THEATRE REVIEW:
KPBS
AIRDATE: October 17, 2003
Meet 'The Boys
Next Door.' Barry thinks he's a golf pro. Norman works at a donut shop and eats
most of the product. Arnold is sure he can escape all his worries if he moves
to Communist Russia. And Lucien is convinced that by carrying big old books,
he'll learn to sing the alphabet song. These 'Boys' are really grown men,
disabled roommates under the supervision of case worker Jack, who's getting
burned out. They're a handful, but they're also touching and comical, in Tom
Griffin's poignant play about the mental and emotional haves and have-nots.
Lamb's Players Theatre presented the local premiere of the play a dozen years
ago, and I never quite got it out of my mind.
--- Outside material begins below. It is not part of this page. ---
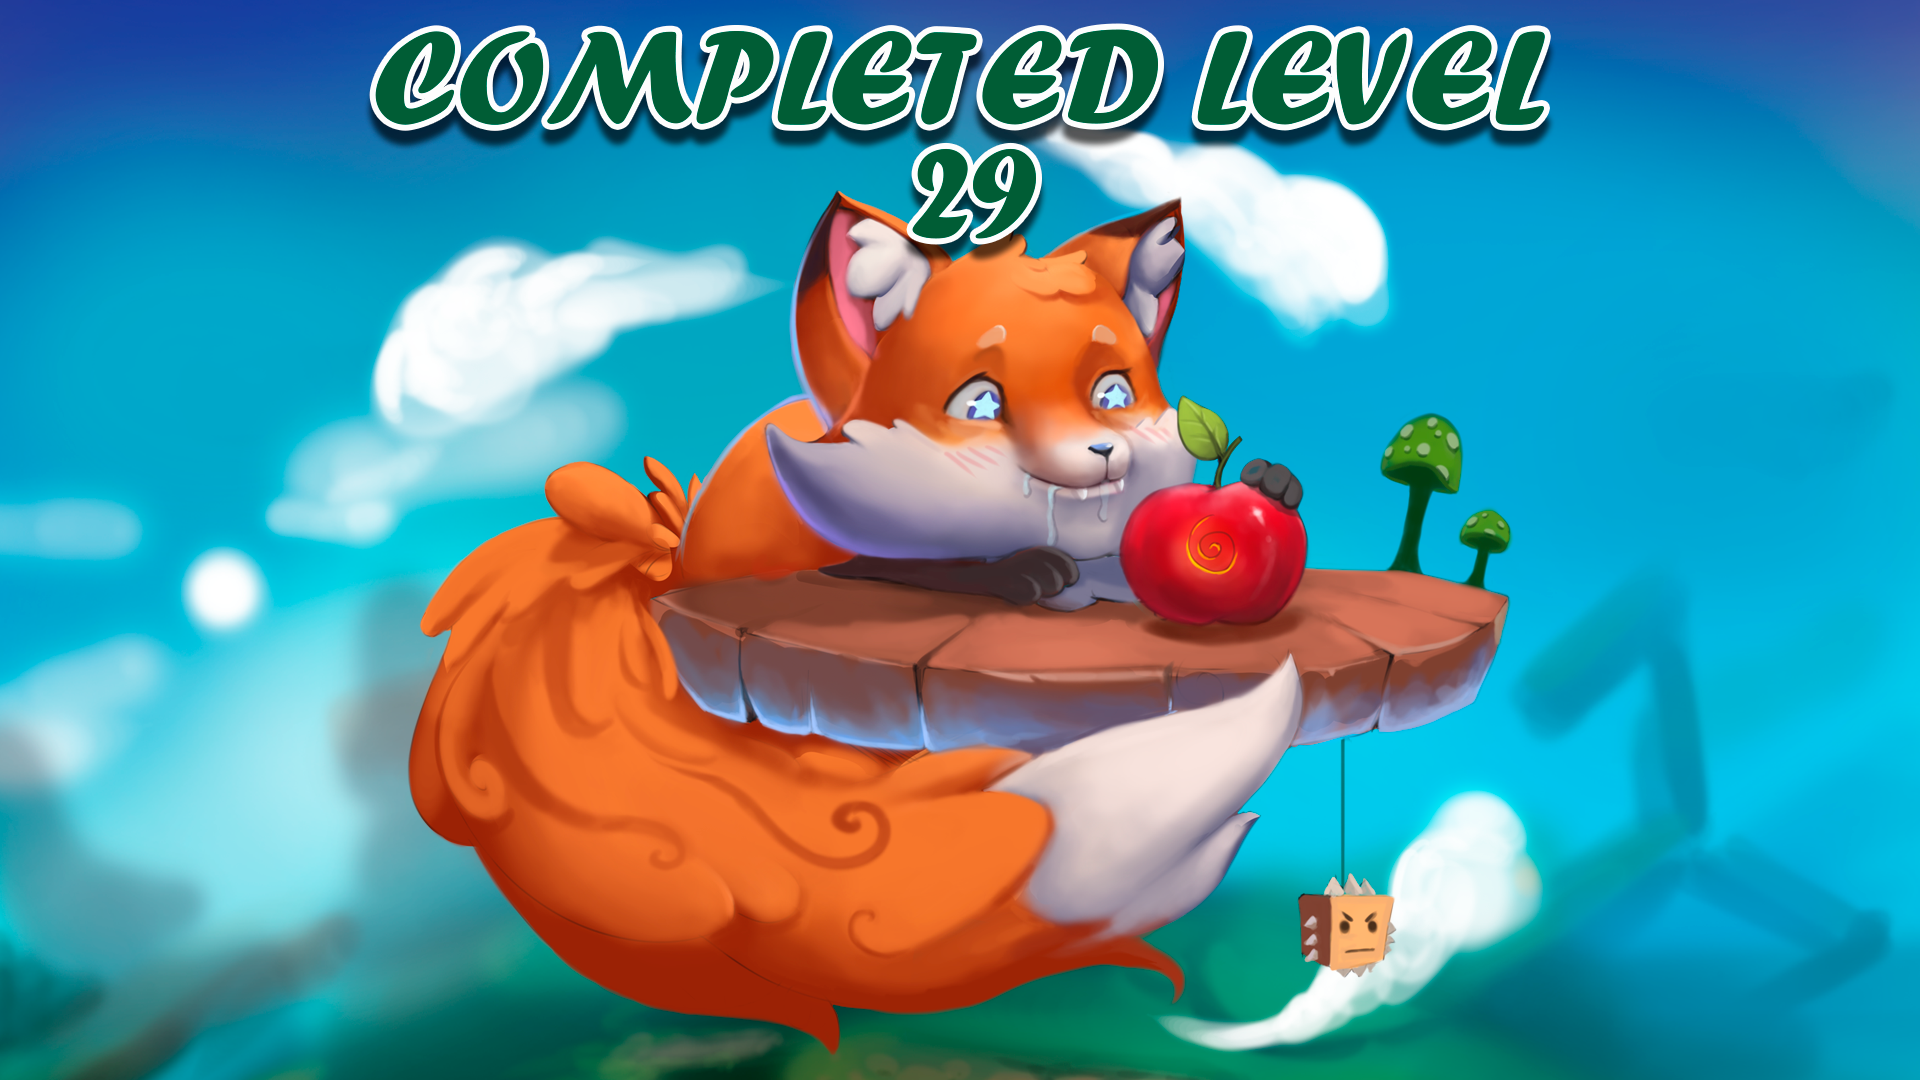 29 levels completed

Now, the company has decided to
revisit the piece to entertain and inform a whole new generation. Even if the
message gets heavy-handed at times, it's well worth hearing. But for genes and
other accidents of fate, these guys could be you or me. They're not to be
shunned, ridiculed or taken advantage of, all of which happens in the play..
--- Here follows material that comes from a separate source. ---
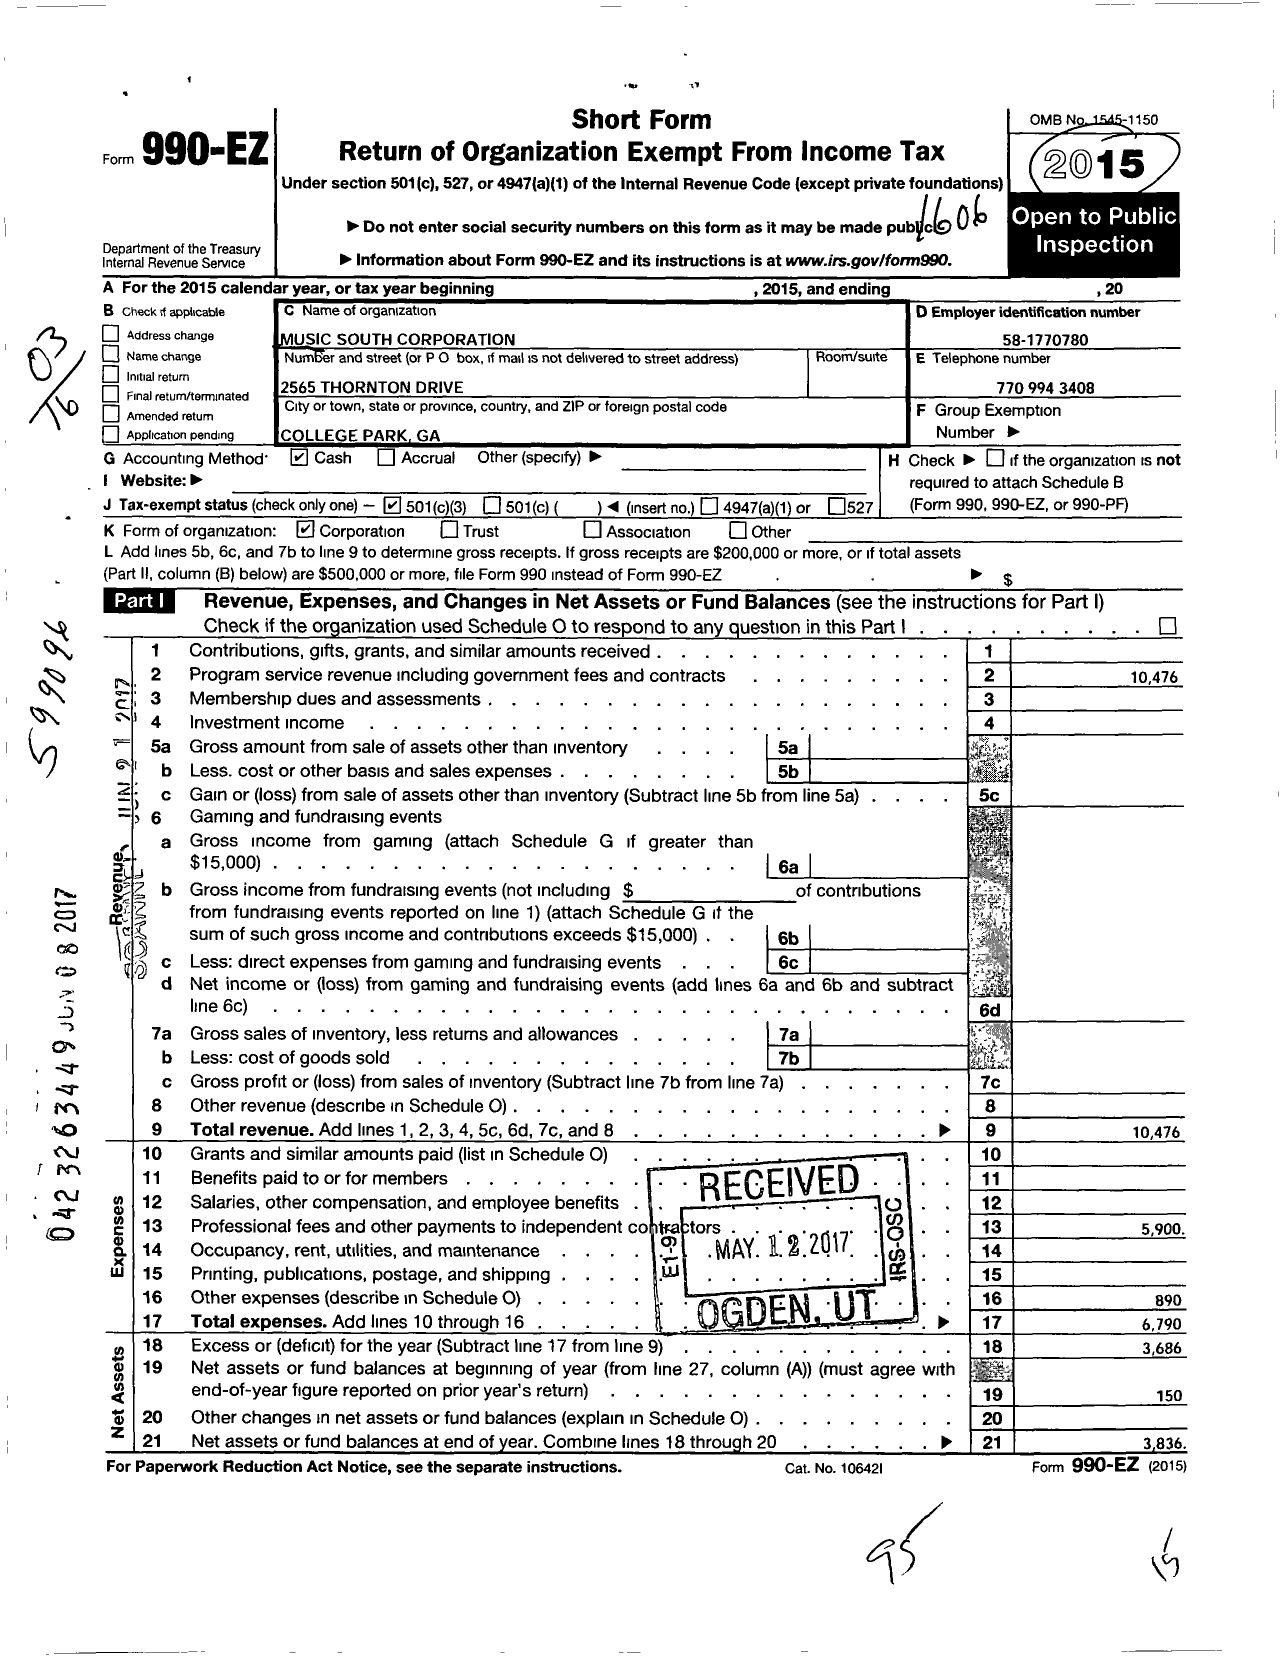 Image of first page of 2015 Form 990EZ for Music South Corporation (MSC)

but treated with dignity, just as they try, in sometimes feeble ways, to
conduct their lives. Norman even has a girlfriend, Sheila, played with
stuffy-nosed sweetness by Deborah Gilmour-Smyth. It's that pairing, of Robert
and Deborah Smyth, that broke my heart the first time I saw the show. In one
scene, during a weekly dance, they get up and shuffle as best they can. Then
the lights dim, and they're transformed into the graceful waltzers they see
themselves as, or could be. It was a magical moment.
It's clear that
the players have spent a good deal of time with disabled folks; all the moves,
the hand positioning, the awkwardness are perfectly in place. Kerry Meads has
directed with a beautiful blend of humor and sensitivity. All the actors are
wonderful, but Robert Smyth is outstanding as Norman, who says "Oh
boy!" whenever life becomes overwhelming or unpredictable, which is pretty
often. Paul Maley's nervous, obsessive Arnold is spot-on, and Keith Jefferson
widens his eyes and contorts his handsome face to inhabit Lucien, the most
simple and childlike of the bunch. Nick Cordileone is credible and then
catatonic as schizophrenic Barry. Jon Lorenz is solid and believable as the
good-hearted but put-upon Jack. There's solid work in the smaller roles, too.
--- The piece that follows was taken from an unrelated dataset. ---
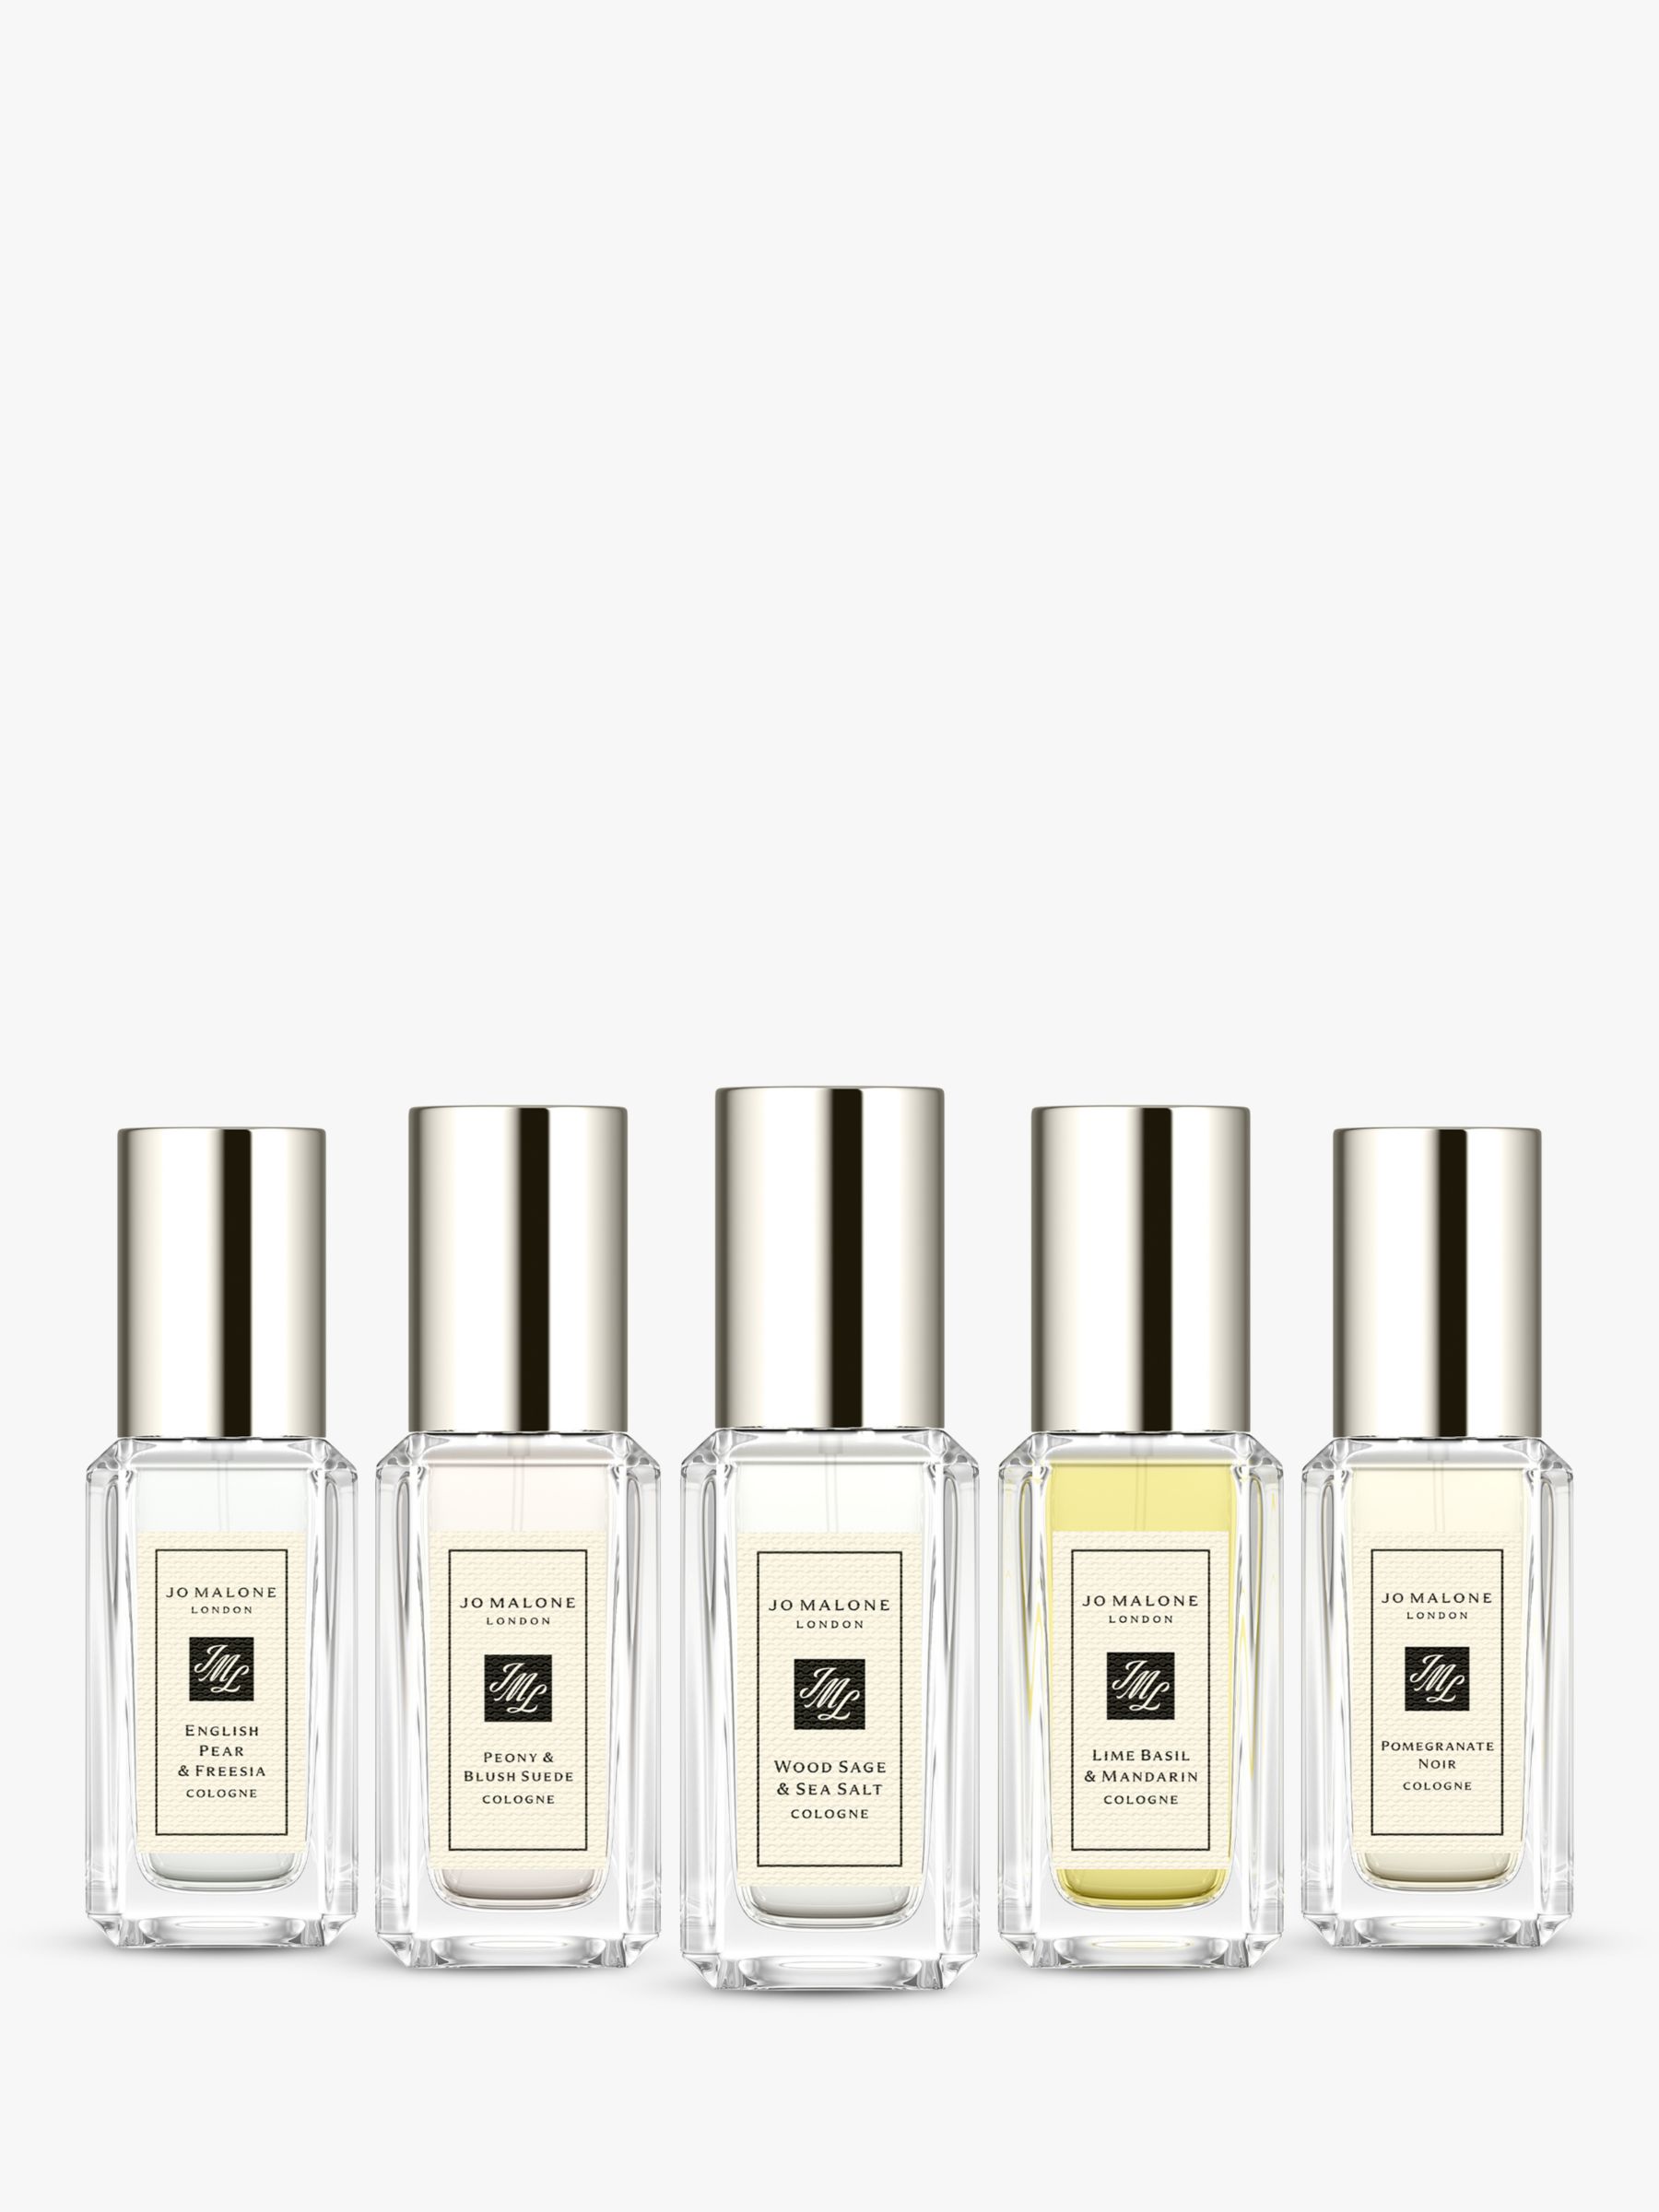 Jo Malone London Cologne Collection Fragrance Gift Set, 5 x 9ml

But I miss that waltz; this time, when the lights change for the dream
sequence, the Smyths do some swing-turns, but there's none of the
Astaire-Rodgers elegance that made it so heart-wrenching before. After all the
laughs and goofy screwups, the play manages to touch us at the core: we feel
empathy, sympathy, sadness, guilt -- and humble gratitude, too.
I'm Pat Launer, for KPBS news.
©2003
Patté Productions Inc.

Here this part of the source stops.